Abstract: Since the early nineties, logistic regression for binary, ordinal, and nominal dependent variables has become widely spread in the social sciences. Nevertheless, there is no consensus on how to assess the fit of these models corresponding to practical significiance. A lot of pseudo coefficients of determination have been proposed but seldom used in applied research. Most of these pseudo-R²s follow the principle of the proportional reduction of error comparing the likelihood, log likelihood, or the precision of prediction with those of a baseline model including the constant only. Alternatively, McKelvey and Zavoina (1975) have proposed a different one estimating the proportion of explained variance of the underlying latent dependent variable. Summarizing the Monte Carlo studies of Hagle and Mitchell (1992), Veall and Zimmermann (1992,1994), and Windmeijer (1995), I show that the McKelvey and Zavoina pseudo-R² is the best one to evaluate the fit of binary and ordinal logit and probit models. Applying the assumption of identical independent distributed errors, I also propose a generalization of the McKelvey and Zavoina pseudo-R² to the multinomial logistic regression assessing the fit of each binary comparison simultaneously. The usefulness of this concept is demonstrated by applied data analysis of an election study with Stata using a user-written mzr2.ado file.

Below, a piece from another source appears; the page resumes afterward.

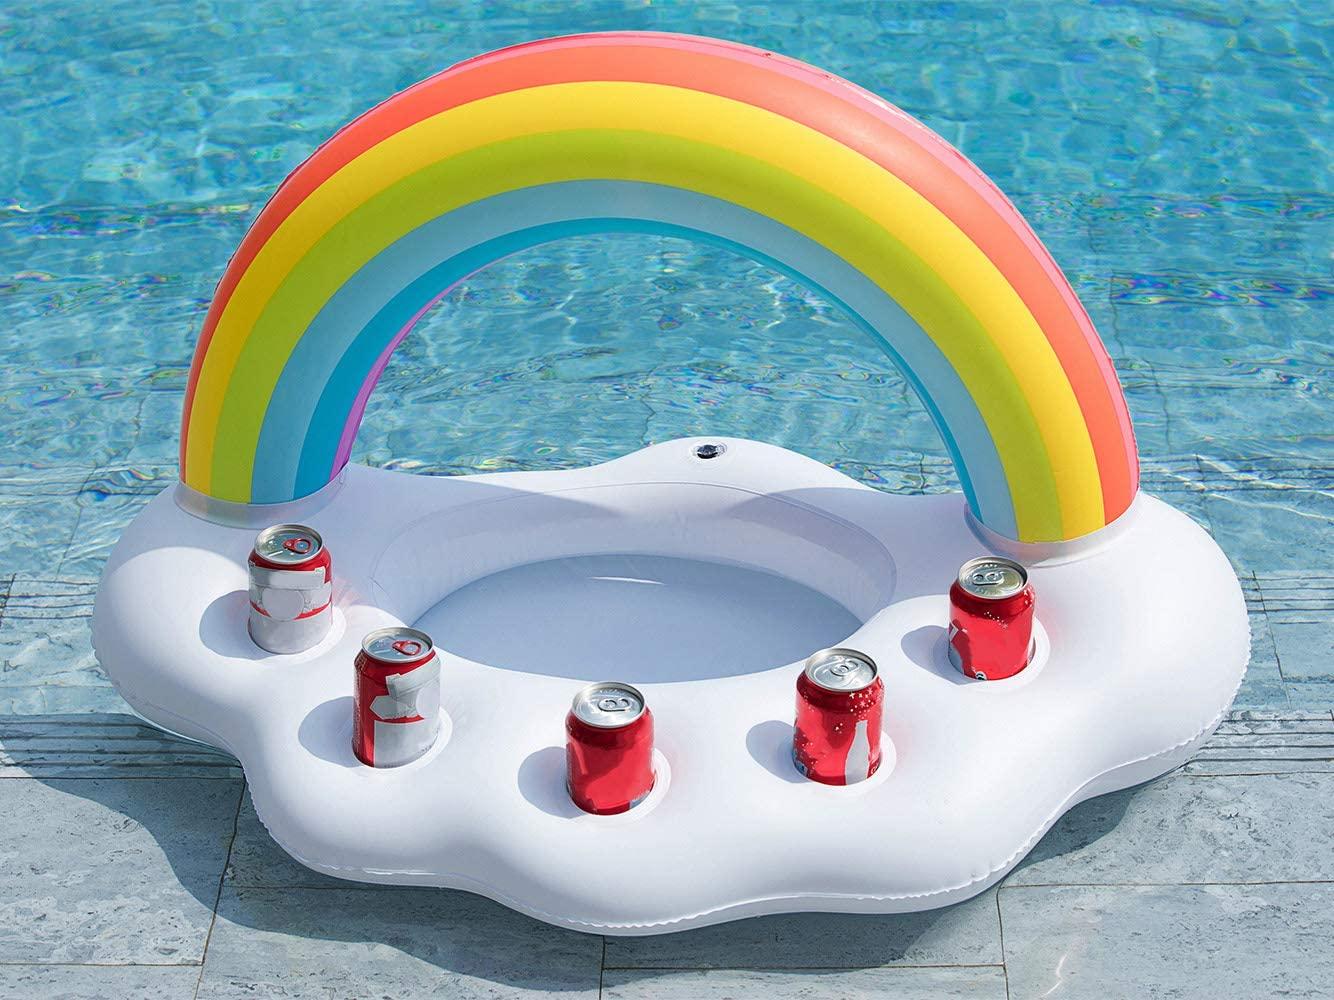 Jasonwell Inflatable Rainbow Cloud Floating Cooler Drink Holder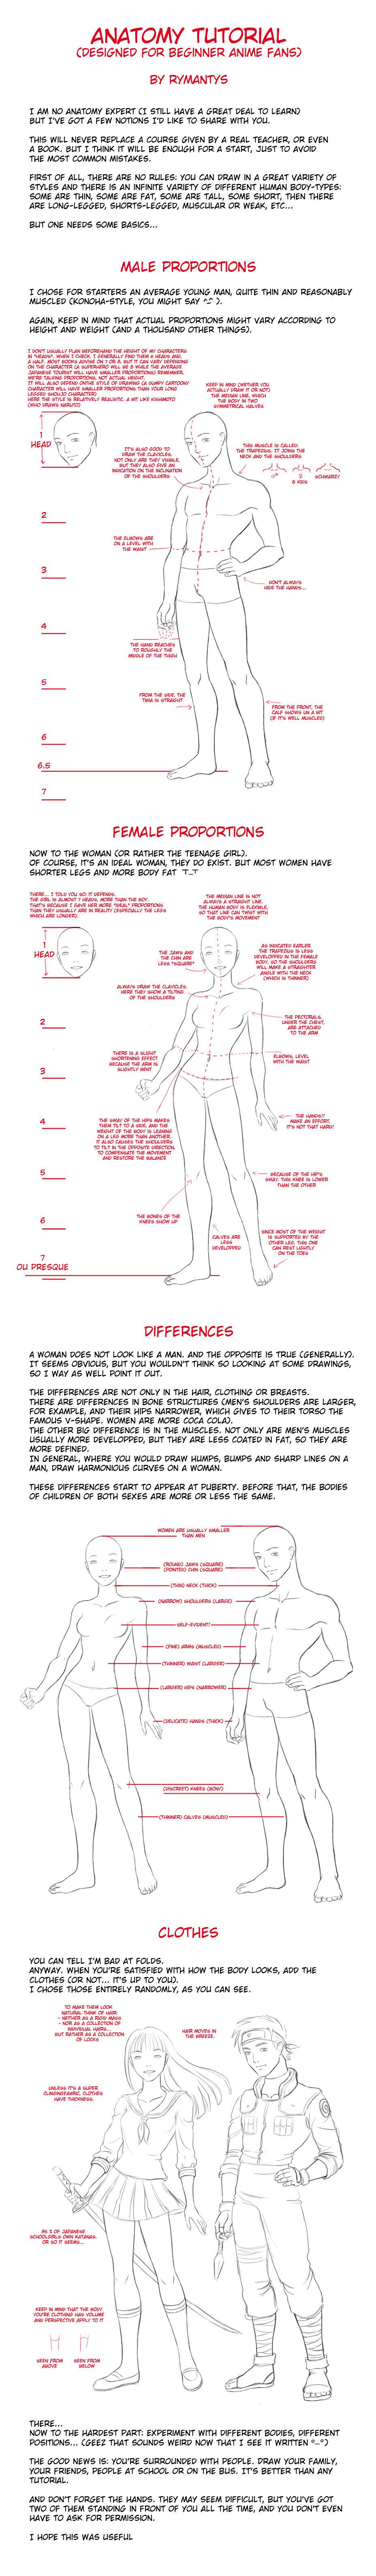 Anatomy Tutorial For Beginners By Rymantys On Deviantart

Abstract: This presentation illustrates practical uses of influence functions (IF) in Stata. First (and most obviously), inspection of IFs helps detecting influential sample observations. I show how this can be done in practice and how similar this is to examining jackknife replicates. I illustrate how looking at the influence function helps one understand the underlying structure of the measures being estimated. Second, IFs make it easy to calculate (asymptotic) standard errors and confidence intervals for a wide range of statistics. I illustrate how this can be done in Stata with the total command to account for complex survey design easily. Third and finally, application of "recentered influence function (RIF) regression" has recently been advocated to approximate the impact of covariates on (unconditional) distribution statistics. I demonstrate this use of IFs in Stata and discuss interpretation of RIF regression model coefficients. Empirical applications pertain to income distribution analysis.

Abstract: Sequences are entities built by a limited number of elements that are ordered in a specific way. A typical example is human DNA, where the elements adenine, cytosine, guanine, and thymine (the organic bases) are ordered into a sequence. Other sequences are words, which are built by letters that appear in a specific order, or careers of employers, which are built by specific job positions ordered along time. The user-written SQ-Ados, published in 2006, provide a number of tools to describe sequences and to measure the similiartiy between pairs of sequences. Since its first publication, the SQ-Ados have been continiously updated with new functionalties. This presentation gives an overview of existing programs and discusses the most recent additions, including functions for string comparisions, nearest neighbor identification, and a simple interface to the plugins for sequence analysis developed by Brandan Halpin.